We see no reason why this approach should not be followed in Tonga."


These, as the reference makes clear, are not the only factors. Also relevant may be the seriousness of the offending, the need for an effective deterrence, the effect on the victim, and the personal circumstances of the offender or those dependent on him or her. There may well be others. But although these are factors that may be taken into account in considering whether, and if so for how long, to suspend part or all of a sentence, the major consideration is whether a suspension is likely to aid in the rehabilitation of the offender. If it is not, or if for any reason rehabilitation is not relevant to the sentence to be imposed, suspension of any part of the sentence is in general not appropriate.


There is one respect in which the sentence is clearly in error. By suspending the unserved portion of the sentence, 2 year 4 months, for 2 years, it follows that at the expiration of 2 years, the respondent will be required to return to prison for the balance of 4 months. We do not consider that this can be what the Judge intended. The suspension of the sentence for a period less than the balance of the sentence was an error. When a sentence is suspended, it must always be for not less than the unserved portion of the sentence.


It remains to consider whether the sentence of 3 years imprisonment, suspended for all but 8 months, has resulted in a sentence so inadequate that this Court should increase the sentence. We have regard to the seriousness of the offending, that it was the result of dishonesty deliberated upon over a period of months, that the respondent was in a position of trust, that the theft was from an employer, that for offences of this kind there is a need to impose a sentence that will deter others, and to sentences imposed in other cases. We also have regard to the respondent's blameless record, to his co-operation with the police, to the effect any custodial sentence will have on his family, and the effect of the conviction on his own future. He has been an accountant all his working life. This avenue of employment, or any other of a like kind, will no longer be open to him. To that extent, the sentence will have a more serious effect than one where the defendant can return to his employment on release. For the same reason it is highly unlikely that the respondent will offend again.


The reason the Judge gave for suspending the sentence, that the respondent was the breadwinner for his family, was not, and is rarely likely ever to be, on its own, a proper reason for suspending a sentence. Having considered the factors to which we have referred, we are satisfied that the sentence with, the suspension ordered, is so inadequate that this Court is bound to increase it.

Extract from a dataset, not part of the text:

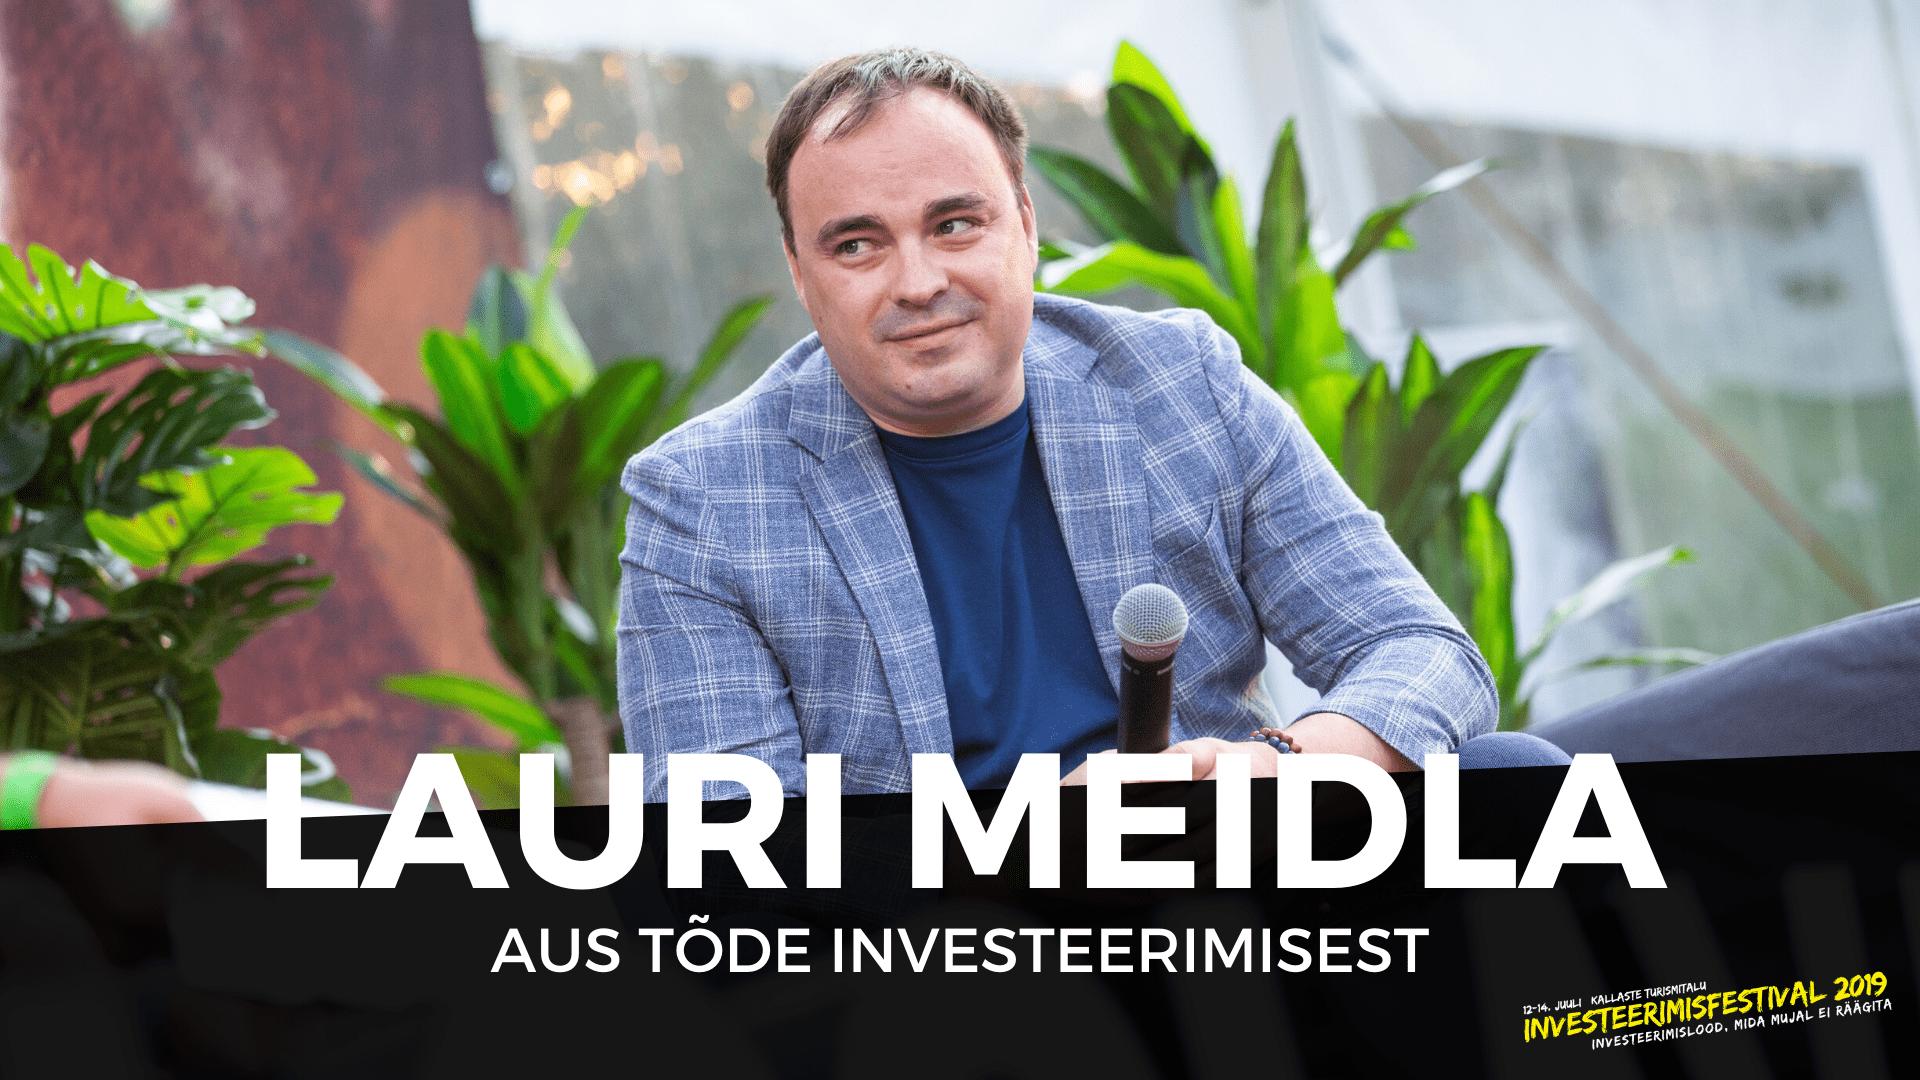 Lauri Meidla

Bearing in mind that this is a Crown appeal, that although the respondent cannot be considered a young man, this is his first conviction, that suspending the sentence in part will aid in his rehabilitation, that there was a degree of co-operation with the authorities, and having some regard to the situation of his family, we accept, as did Mr Cauchi for the Crown, that the sentence should be suspended, but for a period substantially less than that ordered.


THE RESULT


The sentence of three years imprisonment is affirmed. The application for leave to appeal is allowed. The suspension of that sentence for the balance, after the respondent has served 8 months, is quashed. In lieu thereof, the last 12 months of the sentence is suspended for 2 years from the date of his release. To that extent, the appeal is allowed.